**Task to carry out**
Repeat the data exactly as given below, dropping every picture.

**Record excerpts**

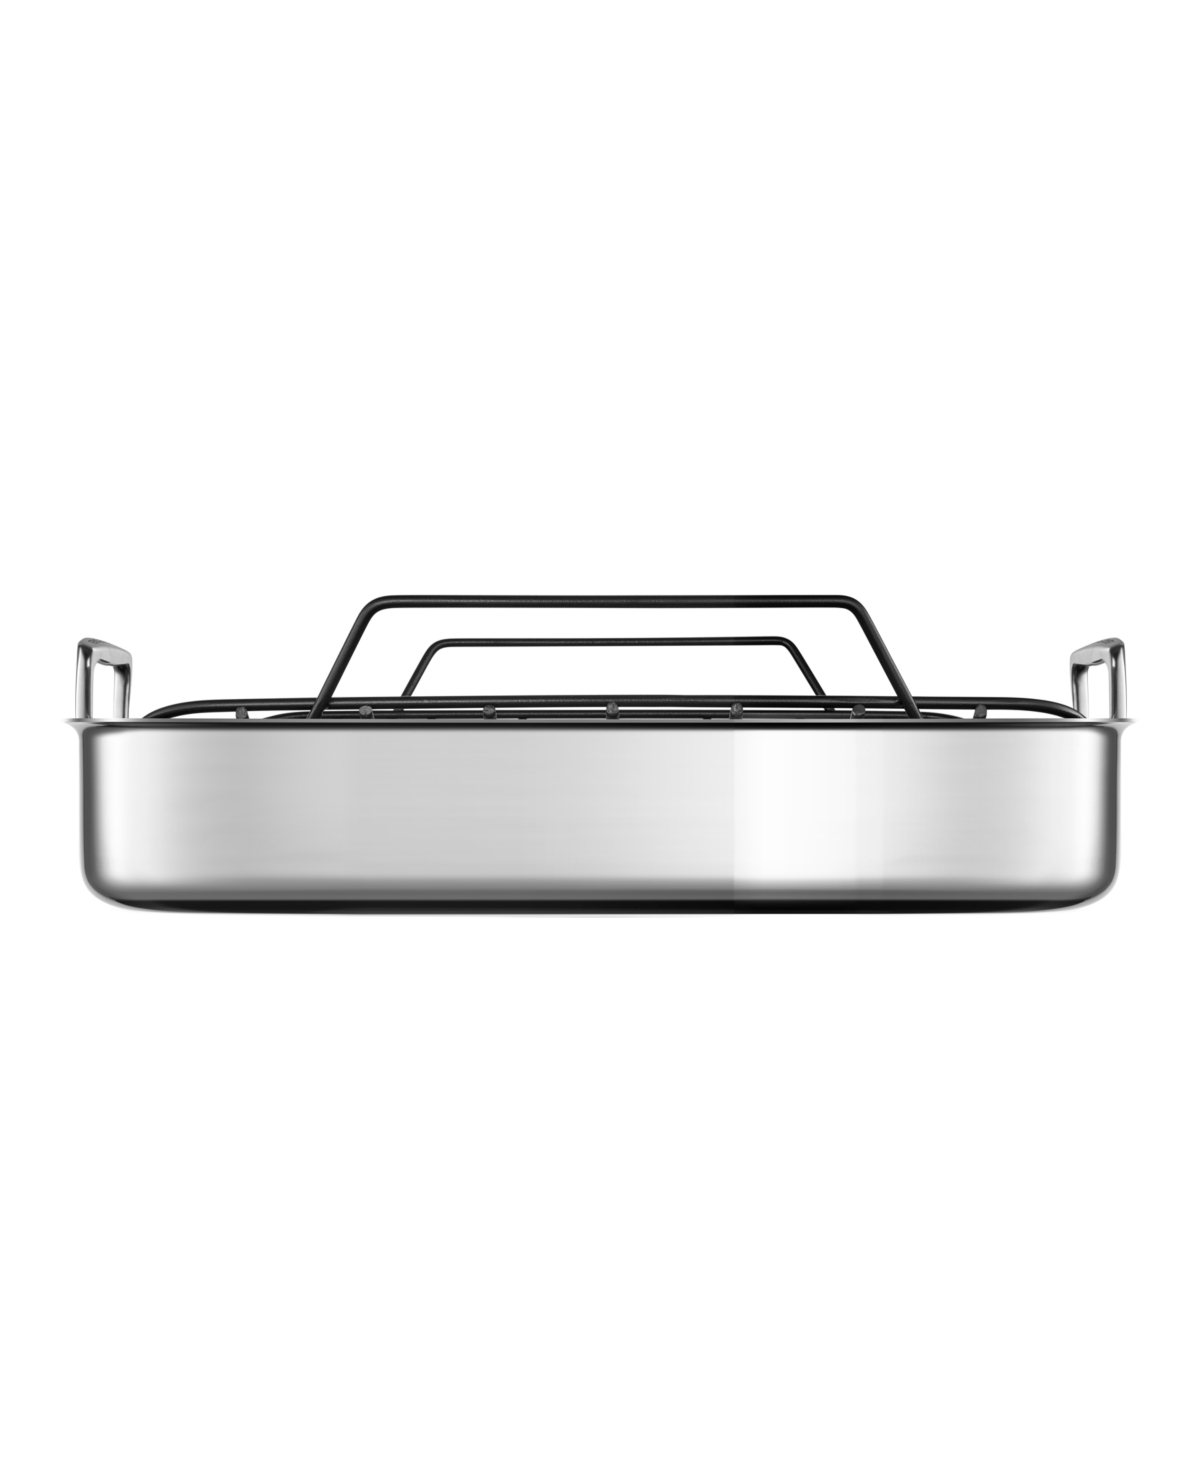 Le Creuset Stainless Steel Roasting Pan And Nonstick Cooking Rack In N,a
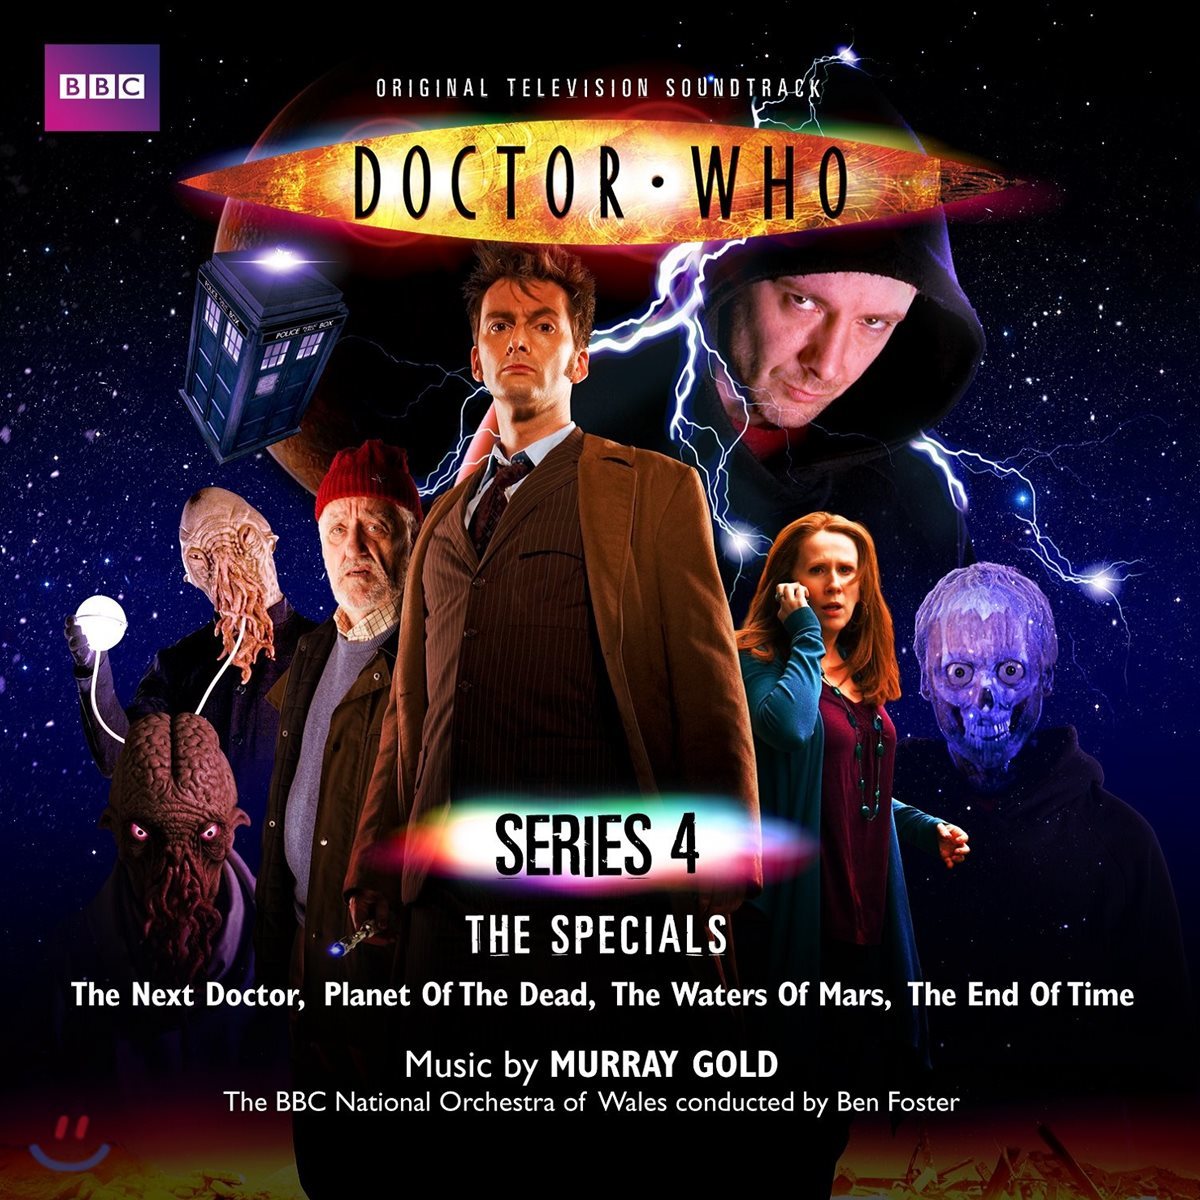 BBC 닥터 후 시리즈 4 스페셜 앨범 (Doctor Who Series 4: The Specials OST by Murray Gold)
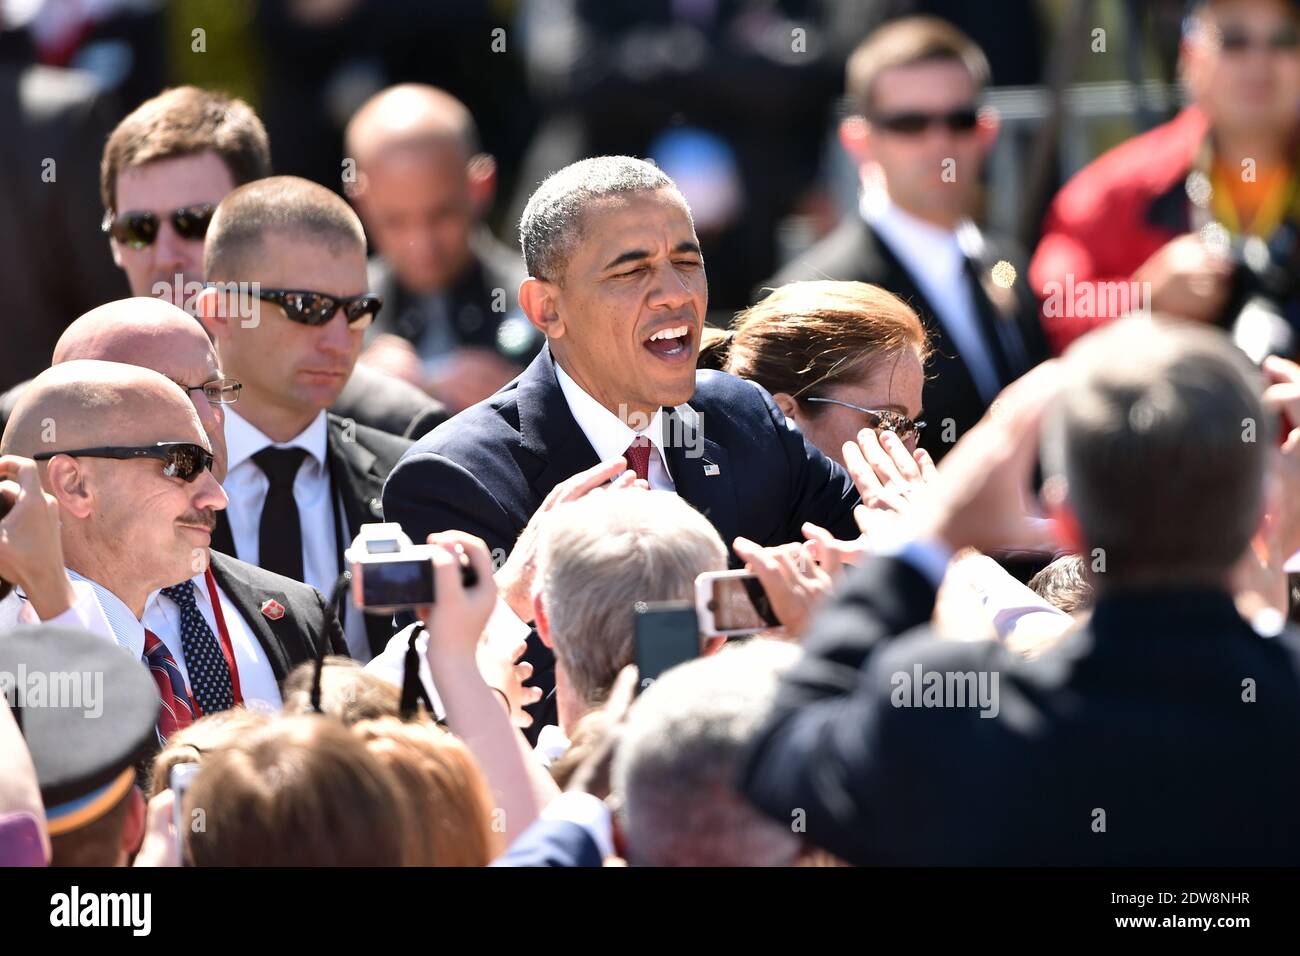 US President Barack Obama attends the bi-national France-USA ceremony at the American cemetery in Colleville, as part of the official ceremonies on the occasion of the D-Day 70th Anniversary, on June 6, 2014 in Normandy, France. Photo by Abd Rabbo-Bernard-Gouhier-Mousse/ABACAPRESS.COM Stock Photo
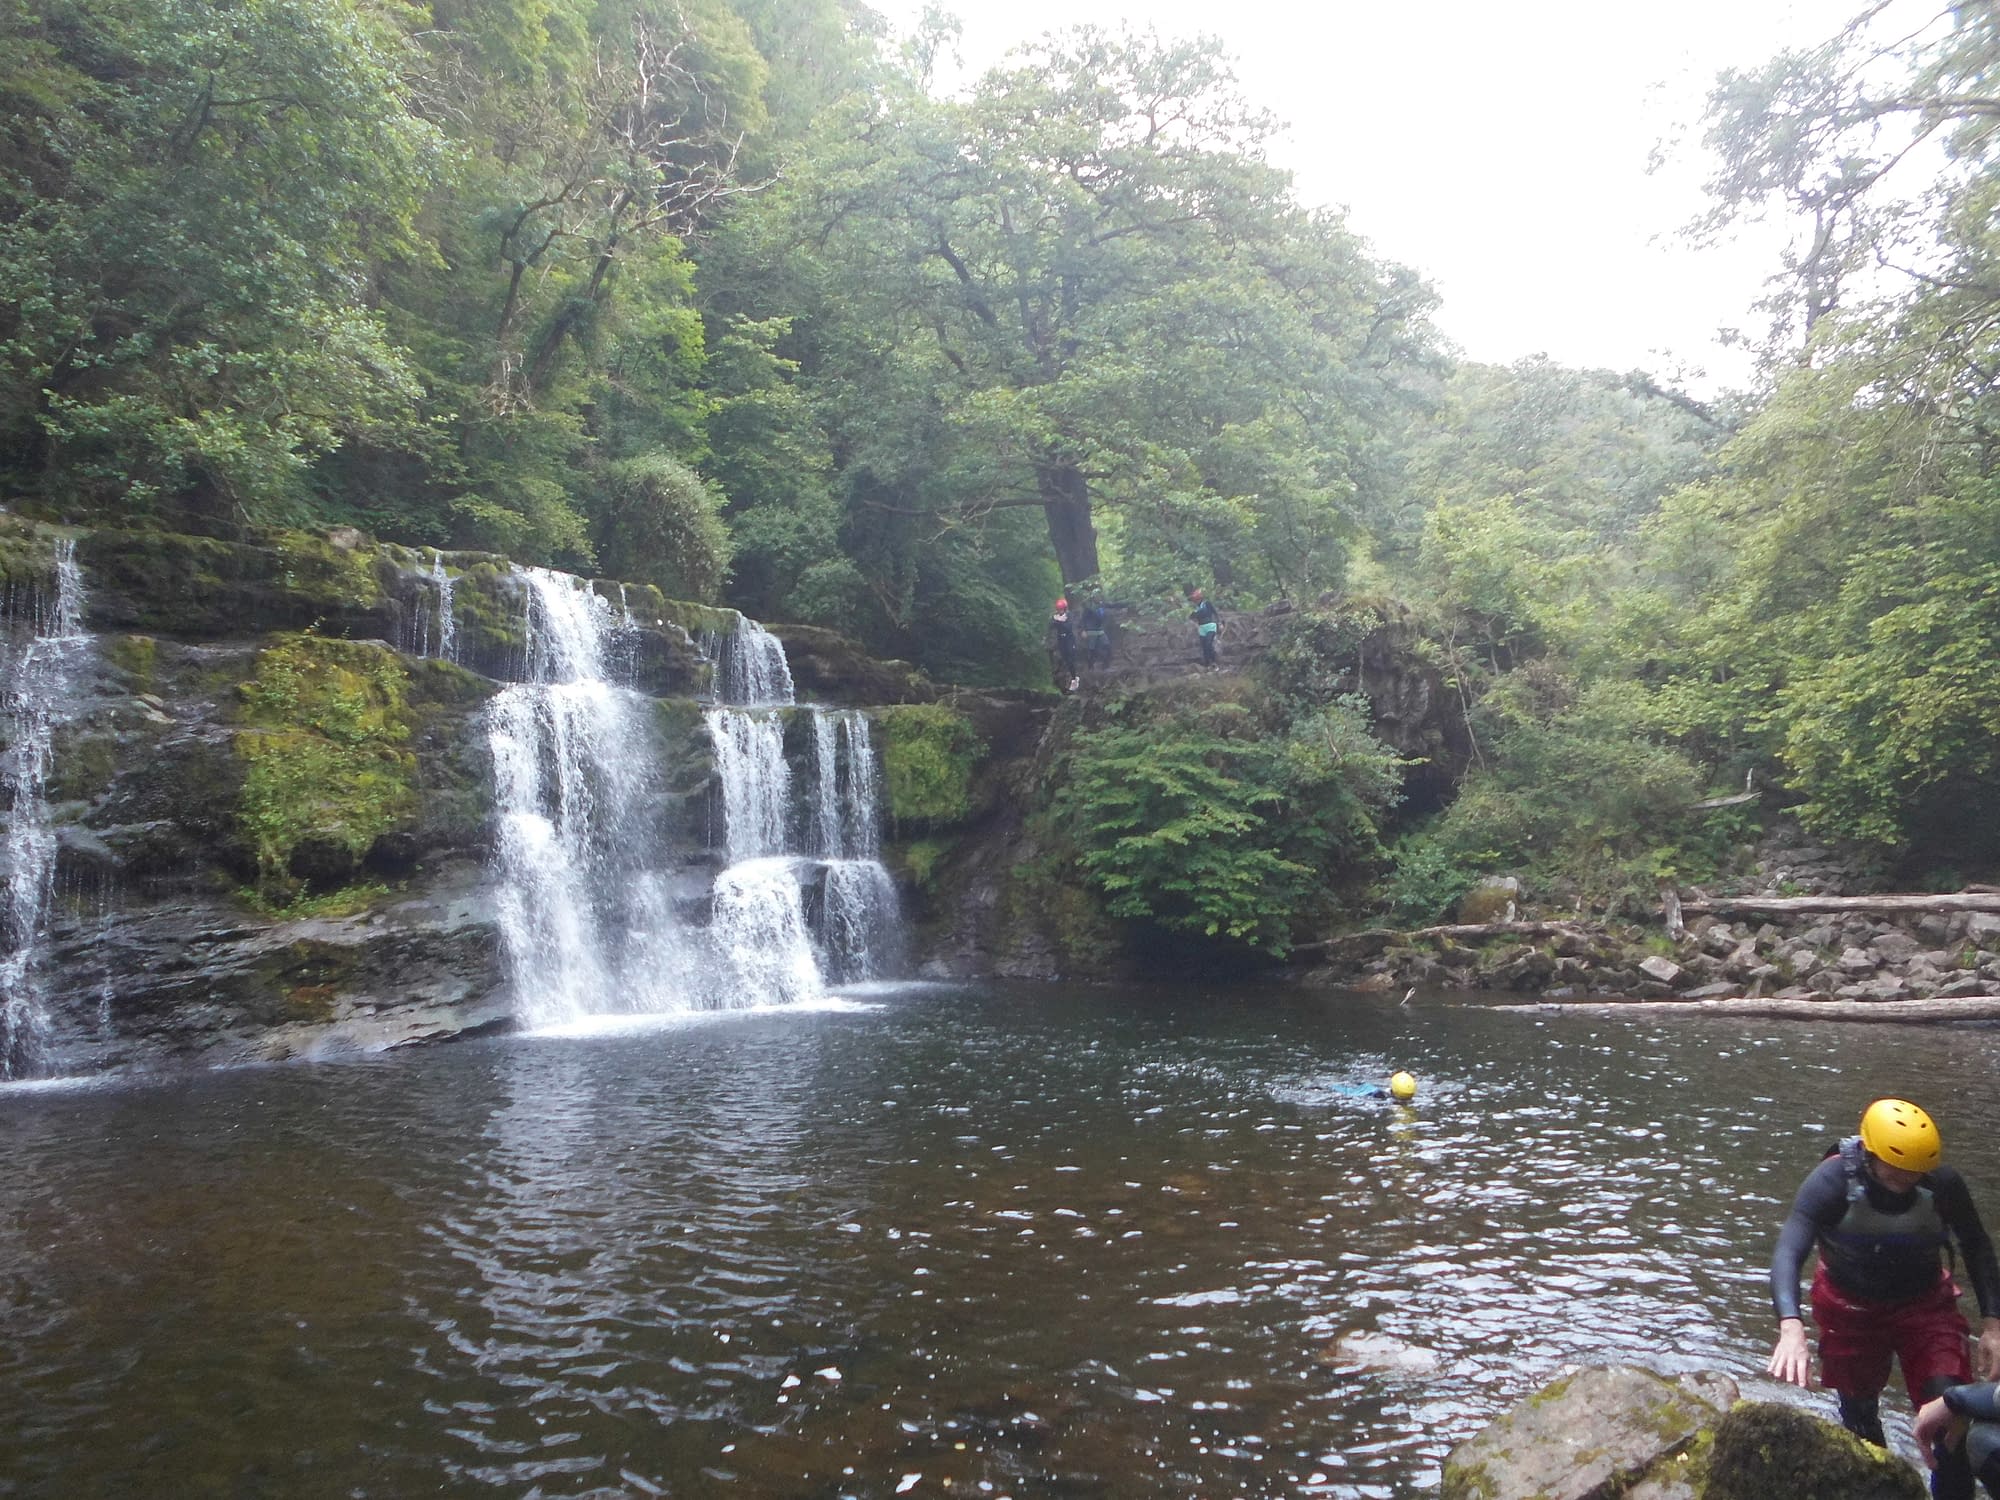 A beautiful waterfall in on of Brecon Beacons National Park gorges
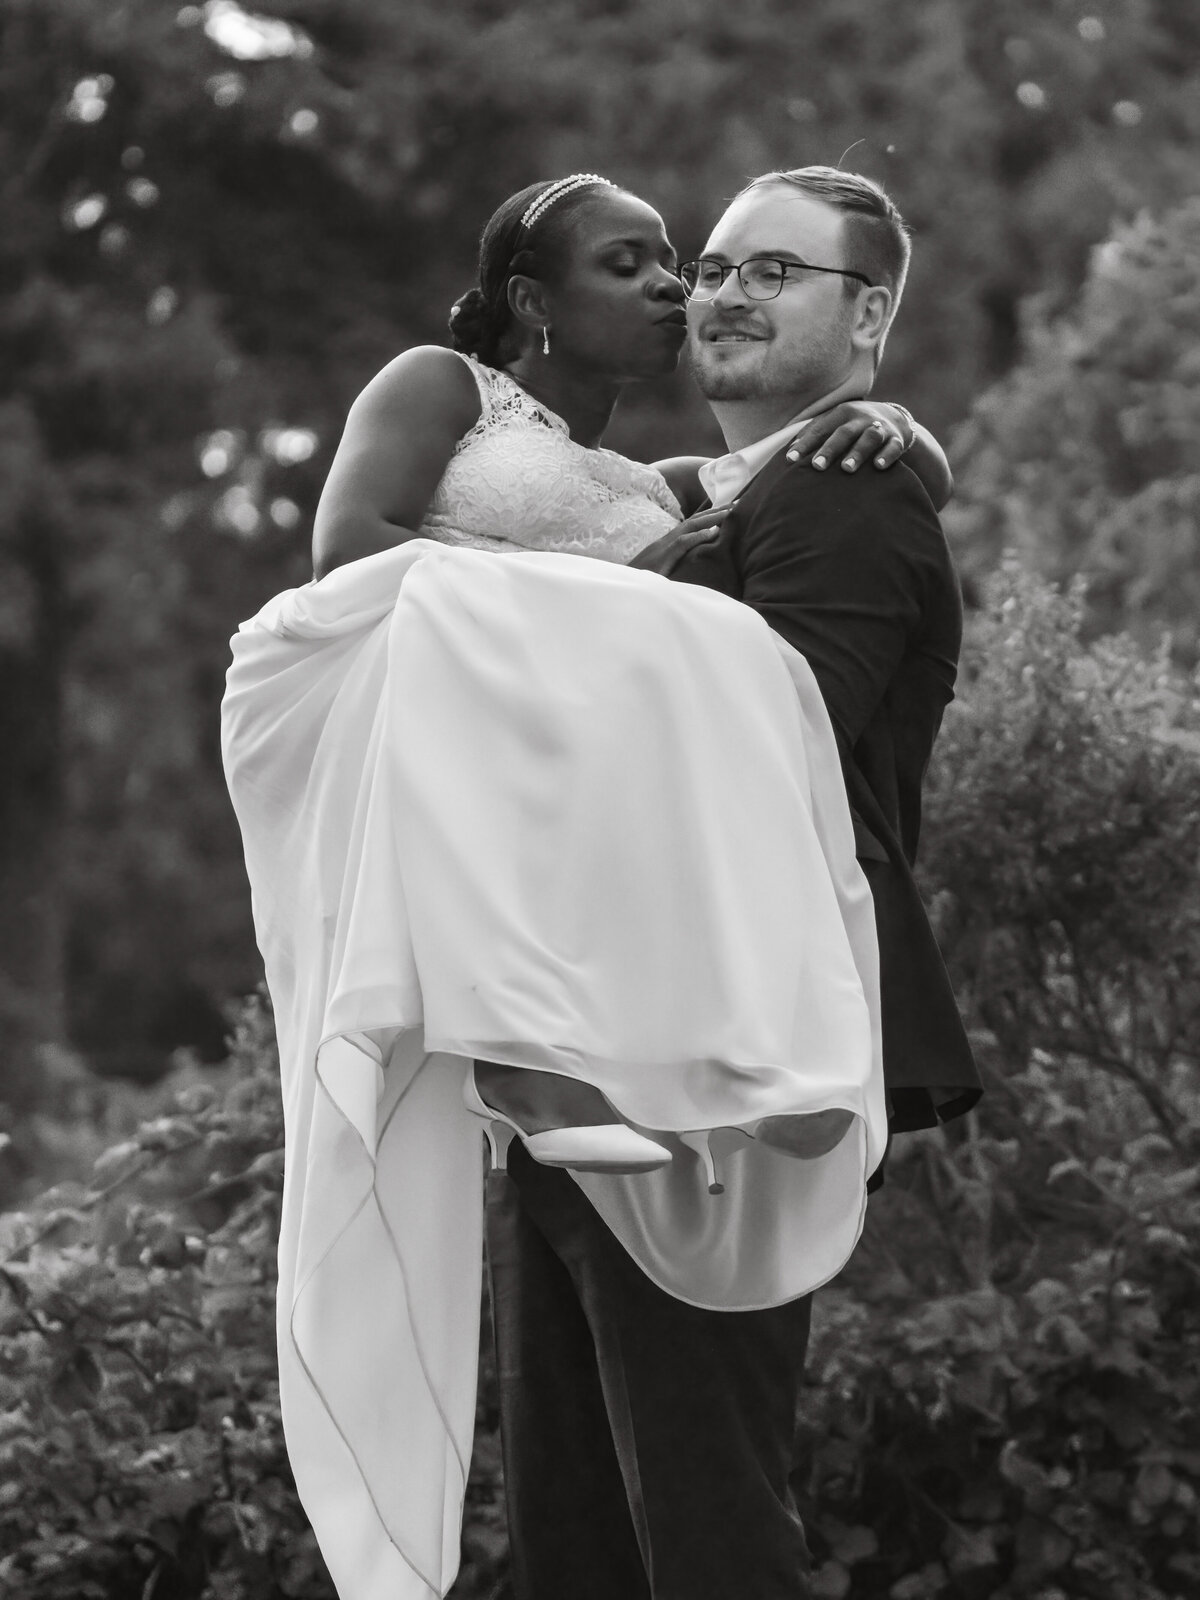 Black and white photo of a romantic moment with bride and groom at their wedding

**Result of this exercise**
 Le Creuset Stainless Steel Roasting Pan And Nonstick Cooking Rack In N,a
 BBC 닥터 후 시리즈 4 스페셜 앨범 (Doctor Who Series 4: The Specials OST by Murray Gold)
 US President Barack Obama attends the bi-national France-USA ceremony at the American cemetery in Colleville, as part of the official ceremonies on the occasion of the D-Day 70th Anniversary, on June 6, 2014 in Normandy, France. Photo by Abd Rabbo-Bernard-Gouhier-Mousse/ABACAPRESS.COM Stock Photo
 A beautiful waterfall in on of Brecon Beacons National Park gorges
 Black and white photo of a romantic moment with bride and groom at their wedding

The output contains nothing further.